Но пора в дорогу. Я заболтался о том, чего еще не видал, что еще увижу и узнаю. Мне хотелось показать, что я вступаю на китайскую землю без предубеждений, без вражды, без склонности насмехаться над чужестранным, единственно потому, что оно не похоже на наше.

Вот Маймачин. Купцы китайские выстроили этот городок, насупротив Кяхты, на краю далекой пустыни. Постройка вся деревянная, но домишки как туалетные ящики, как игрушки, выглажены, отполированы, расписаны; да еще какими красками!... Украшены резьбою, да какой резьбою!... Что за тонкость резца! Что за отделка!... Кажется, будто топор плотника не прикасался к этим строениям, будто эти стены — столярной и [120] токарной работы. Внутри мебель вся резная, красивых фантастических форм, большею частью на манер дикой природы, и притом отлично тонкой и чистой работы. Даже зелень на огородах рассажена узорами, как ковер разноцветными разводами.

Караван наш был многочислен. Конвой, состоявший из казаков, значителен. Лошадей — сотни полторы или более.

Лошади эти паслись на подножном корму, верстах в тридцати от Кяхты, за рекою Селенгою.

Мы готовы были выступить за границу. Со стороны китайской уже прибыли чиновники для сопровождения нас и даже назначен день выезда, как вдруг необыкновенное разлитие реки Селенги лишило нас возможности достать своих лошадей.

Вода, по наблюдению жившего в Селенгинске Англичанина, миссионера Романа Васильевича Юзье, поднялась в короткое время на десять аршин. Старожилы говорят, что такое же наводнение случилось за сорок два года.

Разгильдяев, посылаемый за лошадьми, возвратясь, донес приставу, что нет никакой возможности переправить через реку лошадей и надо ожидать убыли воды.

Мне поручили отыскивать средства к переправе. Когда я поднялся на последнее возвышение, закрывавшее от глаз Селенгу, то увидел дивную картину разлития реки: селенгинская долина, [121] довольно широкая, от горы до горы была покрыта водою; не видно ни одного острова и только кое-где верхушки дерев и затопленных домов пестрили голубую поверхность разлива, над которой летали стаи птиц, напрасно искавшие места отдохновения. Море, или огромное озеро, тогда только могло бы представить такую картину, если бы можно было дать им течение быстрое, яростное: я видел всю невозможность исполнить данное мне поручение и приходил в отчаяние.

Вдруг долетели до моего слуха звуки голосов; я стал всматриваться и отличил на поверхности воды двигавшуюся массу, которая держала направление к непокрытому водою возвышению.

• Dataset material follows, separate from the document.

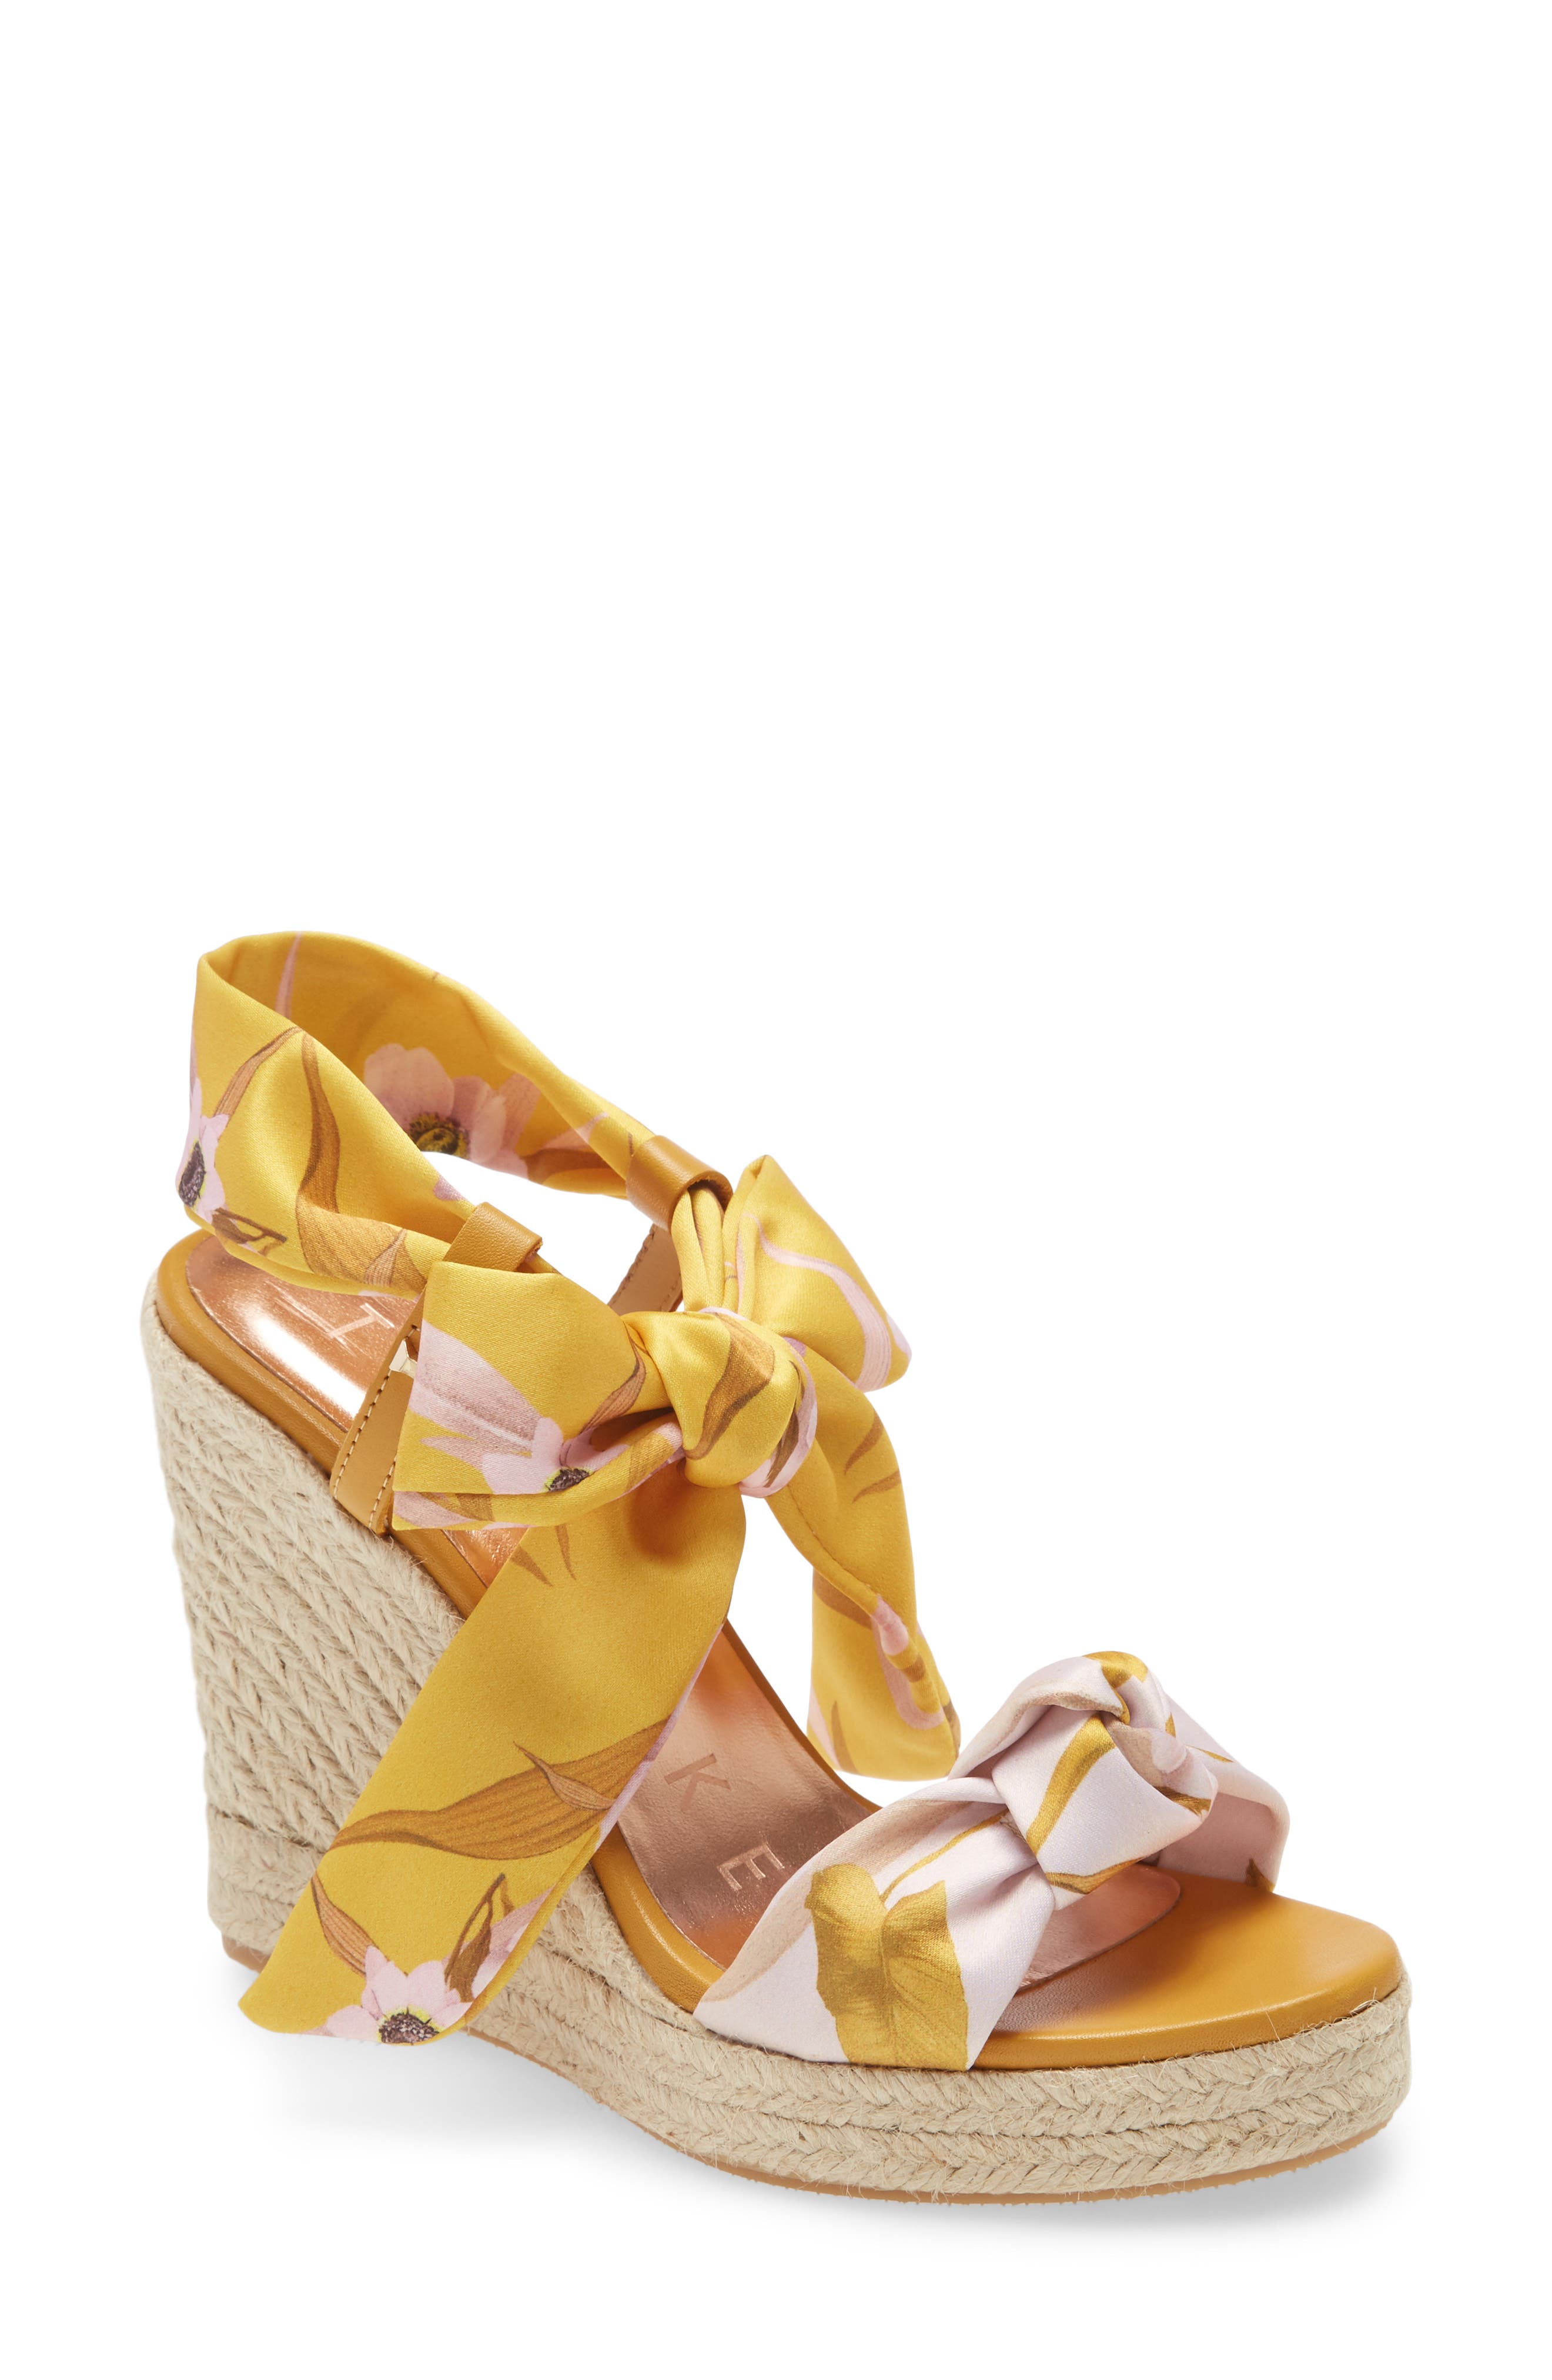 yellow wedge sandal

Я долго не понимал, что это такое. Но через минуту из воды на возвышение начали выходить лошади и люди, и вскоре это маленькое пространство покрылось ими. Тогда я догадался, что совершается опасная переправа лошадей. Отдохнув на возвышении, смельчаки снова пустились вплавь по самому широкому и быстрому пространству реки. Я с ужасом видел, как группа лошадиных голов, почти нисколько не подвигаясь к берегу, уносилась по течению реки. Вскоре я потерял ее из виду и был уверен в погибели людей и лошадей. Однакоже, те и другие благополучно явились ко мне в селение Усть-Кяхту.

Эту чудную переправу совершил сотник Кожевников, с четырьмя казаками. [122]

Августа 30-го 18** года, тронулись мы в путь. Обоз наш состоял из 8-ми почтовых повозок, 2-х фур, 75-ти двухколесных телег под тяжестью. Сзади гнали свободных лошадей и десятка два быков для пищи.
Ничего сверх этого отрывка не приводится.